## DATA BELOW:
□ □ □ □
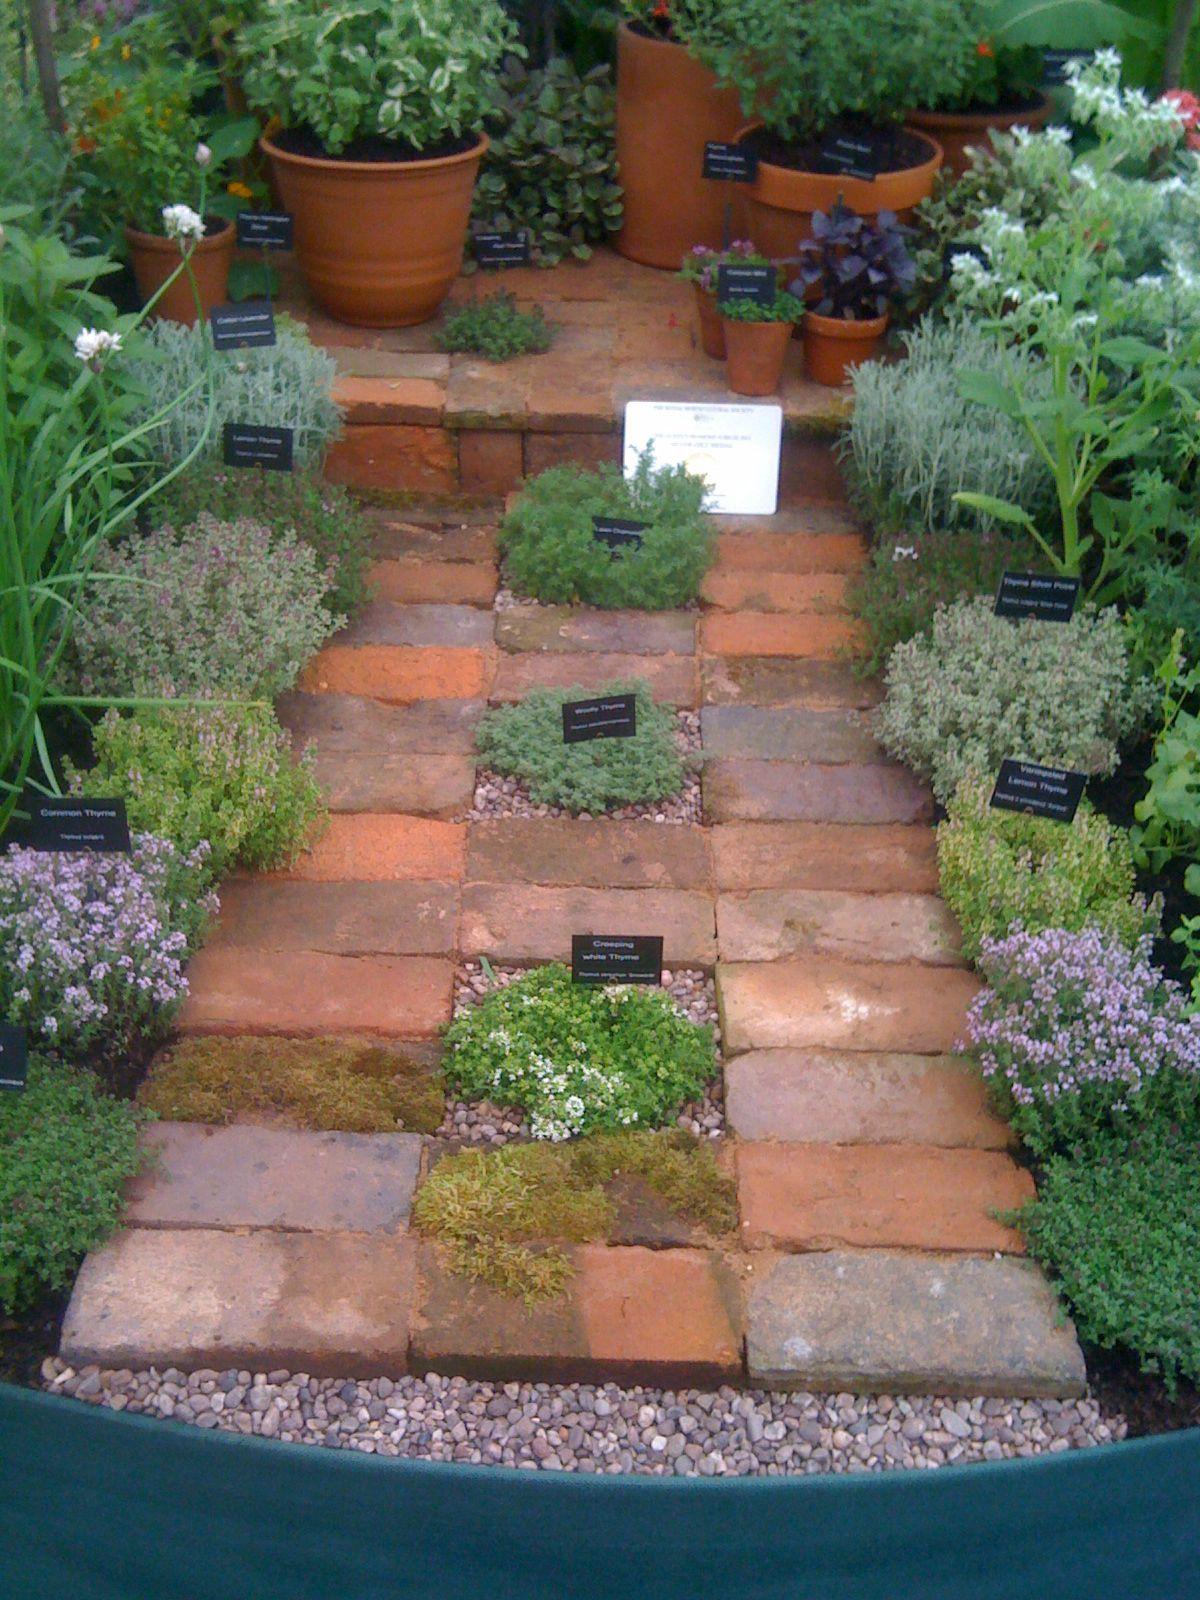 84b2f3c82ca54525fe5ca85fa28f968e - What Zone Is Thunder Bay For Gardening
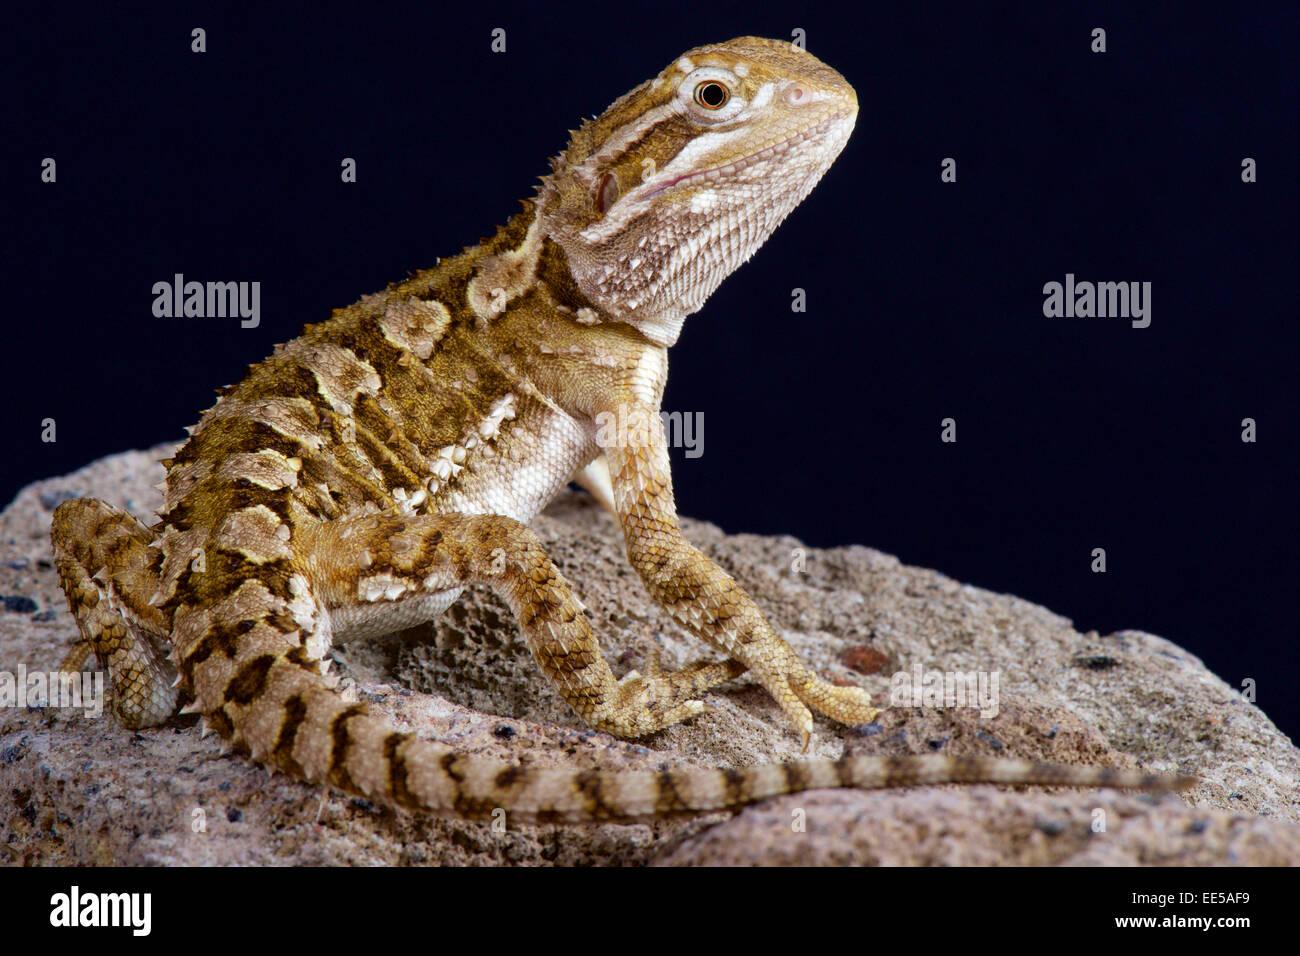 Dwarf bearded dragon / Pogona henrylawsoni - Stock Image
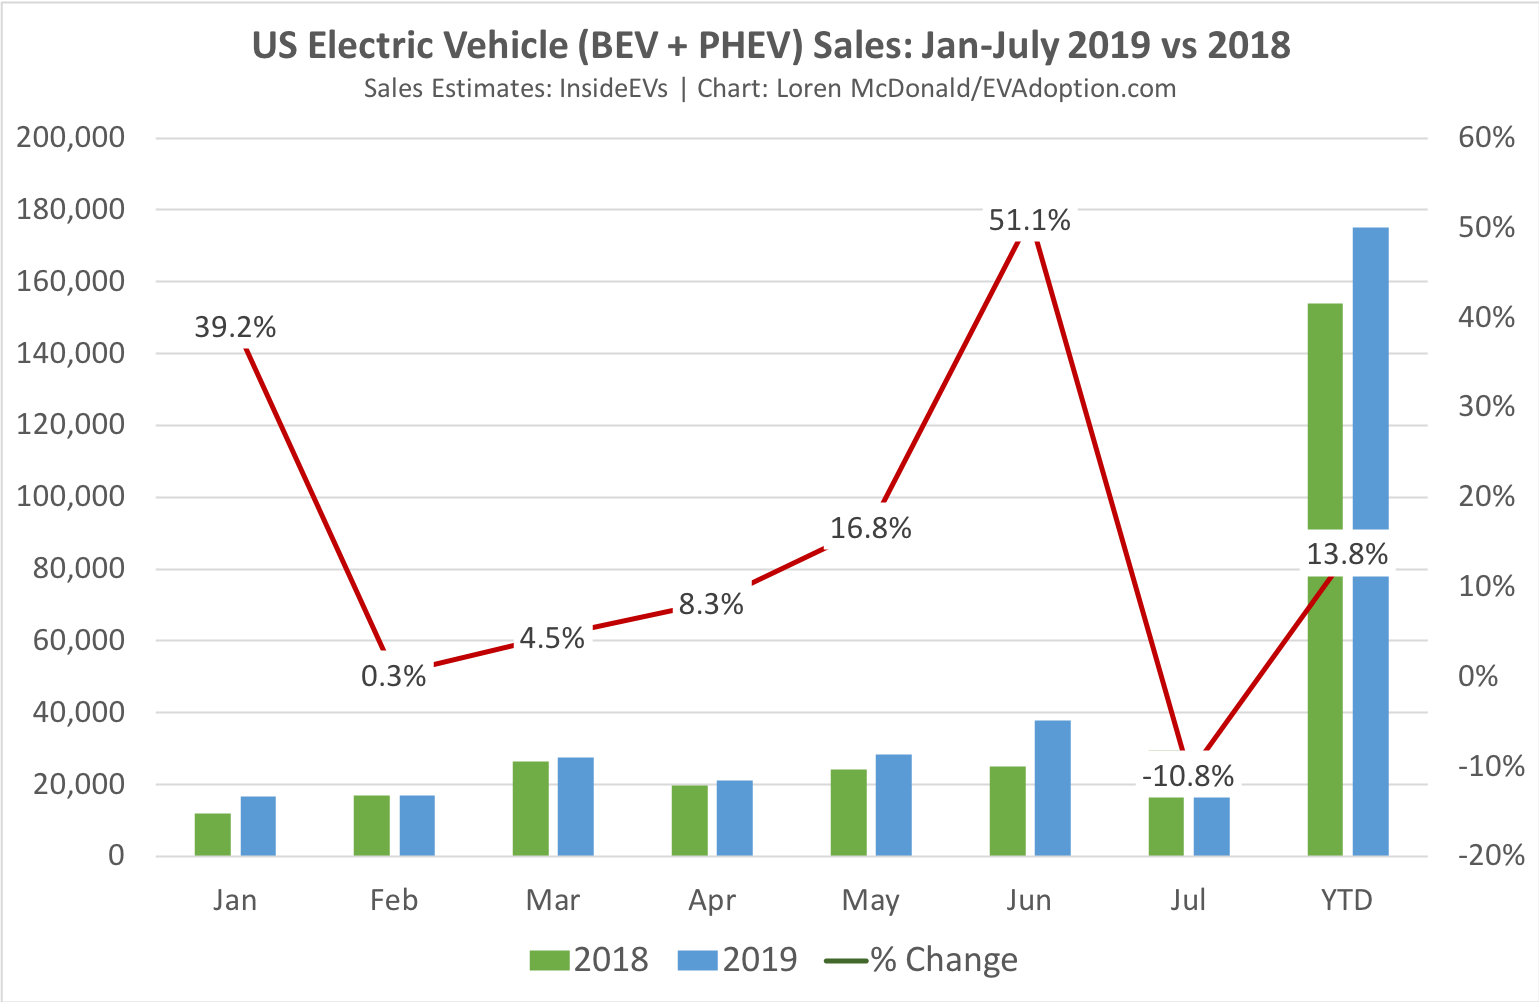 US EV Sales Down 11% for July, Up 14% YTD
□ □ □ □
## EXERCISE:
Where images occur in the data above, leave them out and repeat everything else exactly.

## ANSWER TO THIS EXERCISE:
 84b2f3c82ca54525fe5ca85fa28f968e - What Zone Is Thunder Bay For Gardening
 Dwarf bearded dragon / Pogona henrylawsoni - Stock Image
 US EV Sales Down 11% for July, Up 14% YTD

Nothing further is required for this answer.